VIPC programs and initiatives support the life cycle of innovation, from translational research to commercialization in support of regional and statewide innovation ecosystems and networks.

“Virginia must commit to taking strong action that builds upon a best-in-class business environment to attract far more new businesses, help our existing job creators grow, unlock world-class entrepreneurial creativity and reverse population losses,” Youngkin said when he released his economic development policy. “Now is the time to hit the accelerator and compete to win.”

At the Virginia Innovation Partnership Corp., we are excited about accepting that challenge.

Bob Stolle is president and CEO of the Virginia Innovation Partnership Corp. He was Virginia’s secretary of commerce and trade under Gov. George Allen.
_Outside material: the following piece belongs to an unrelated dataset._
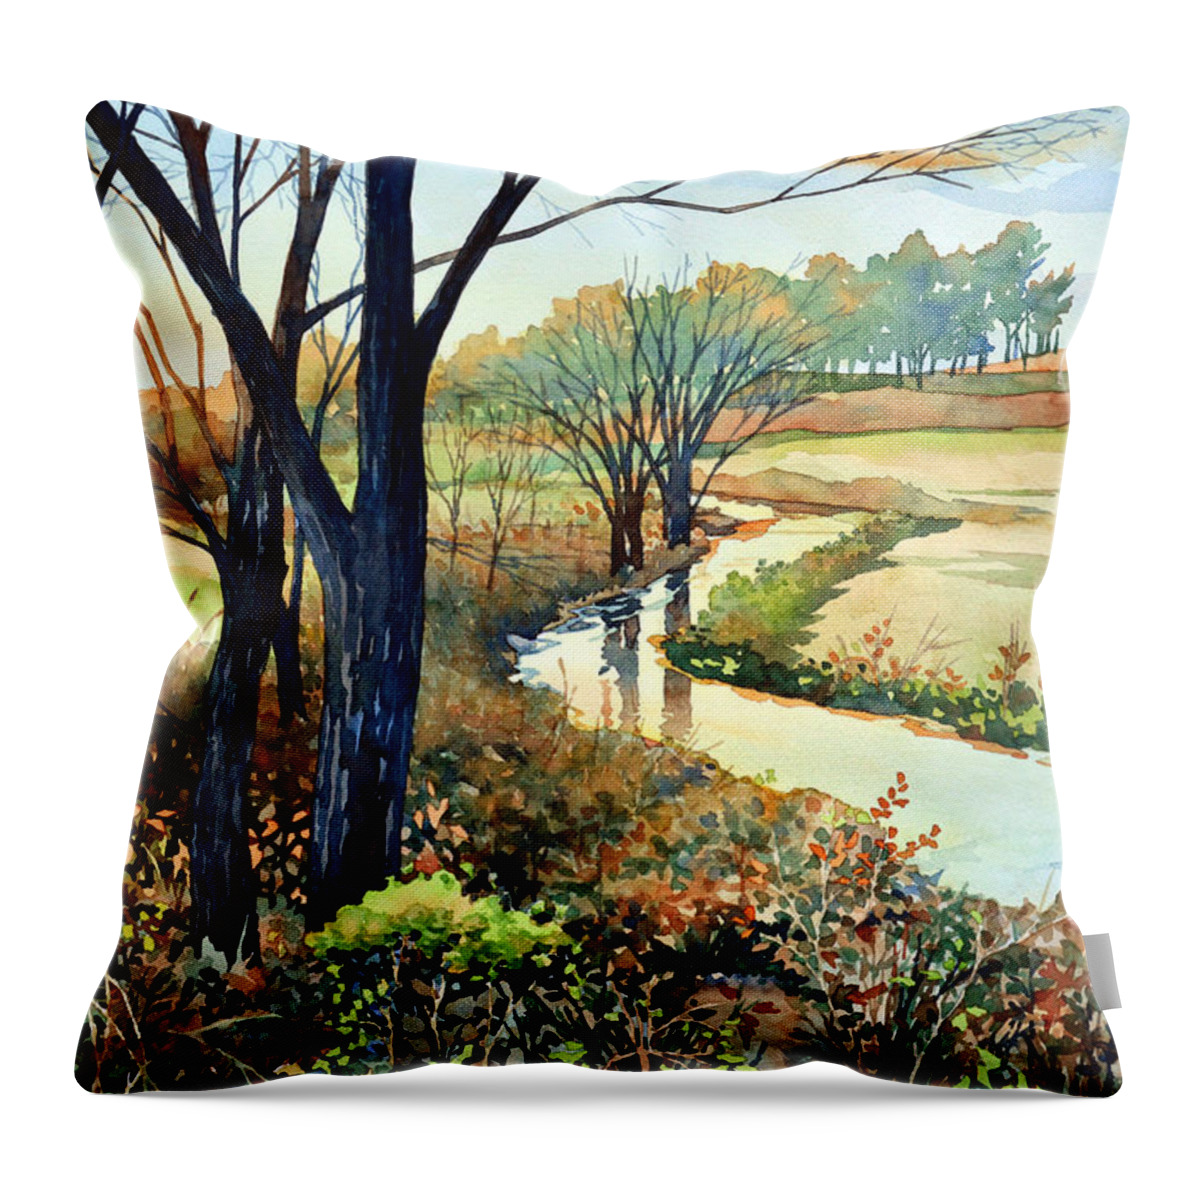 #watercolor #nature #landscape #stream #river #wild #green #sunset #art #painting Throw Pillow featuring the painting In the Wilds by Mick Williams

Choppy waters for ocean shipping

What a difference a year makes. In March 2022, ocean freight rates were at record highs, with capacity straining under the weight of historic U.S. import demand. High inventories and economic uncertainty prompted importers to pull back over the summer months, and volumes slowed.

A spectacular rate collapse in the ocean freight market from Asia to the U.S. followed; freight rates are now below pre-pandemic levels on many trades — even below ocean carrier break-even levels —  and import demand growth continues to slow.

Shippers and ocean carriers now find themselves in a familiar situation, reminiscent of the pre-2020 years marked by overcapacity and low rates that were favorable to shippers. The carriers, flush from the past two to three years of record profits, have new vessels on order that are expected to contribute to an overall net capacity increase of 8% to 9% globally and a continuation of overcapacity on most trades.

Within the past year, the Ocean Shipping Reform Act and consumer-focused positions taken by the Federal Maritime Commission have contributed to optimism among shippers; the current shipping environment seems, in many ways, more favorable to shippers than any in recent memory.

While the dynamic feels familiar, a variety of risks abound that define a new international shipping landscape. The impacts of COVID-19 disruptions — especially in China — and geopolitical concerns are prompting more shippers to diversify their sourcing where possible and consider near-shoring.

A long-awaited labor contract for U.S. West Coast ports has been under negotiation for a year, with no deal in sight; many shippers have shifted their routings to avoid West Coast uncertainty. Port congestion has improved significantly since volumes have slowed, but the pandemic volume surge revealed infrastructure vulnerabilities that threaten to disrupt supply chains in the future if left unaddressed. 

The world’s two largest ocean carriers, Maersk and MSC, announced in January they will wind down their alliance over the next two years, and changes to the other two main shipping alliances, both formed in 2017, are expected to follow. Dissolution of the alliances would likely lead to carrier consolidation in the coming years, meaning even less competition on the supply side. MSC, now the largest and fastest growing global carrier, is positioned to dominate. 

Diversification, always important, will play a critical role in the new landscape. Utilizing a variety of logistics providers, sourcing options and routing flexibility will be essential to maintaining a healthy, efficient supply chain. The past few years of supply chain extremes have proven that almost anything is possible and that long-term partnerships are still key to successful global trade.

Rachel Shames is vice president of pricing and procurement at CV International Inc., a freight forwarder, customs broker and non-vessel-operating common carrier headquartered in Norfolk.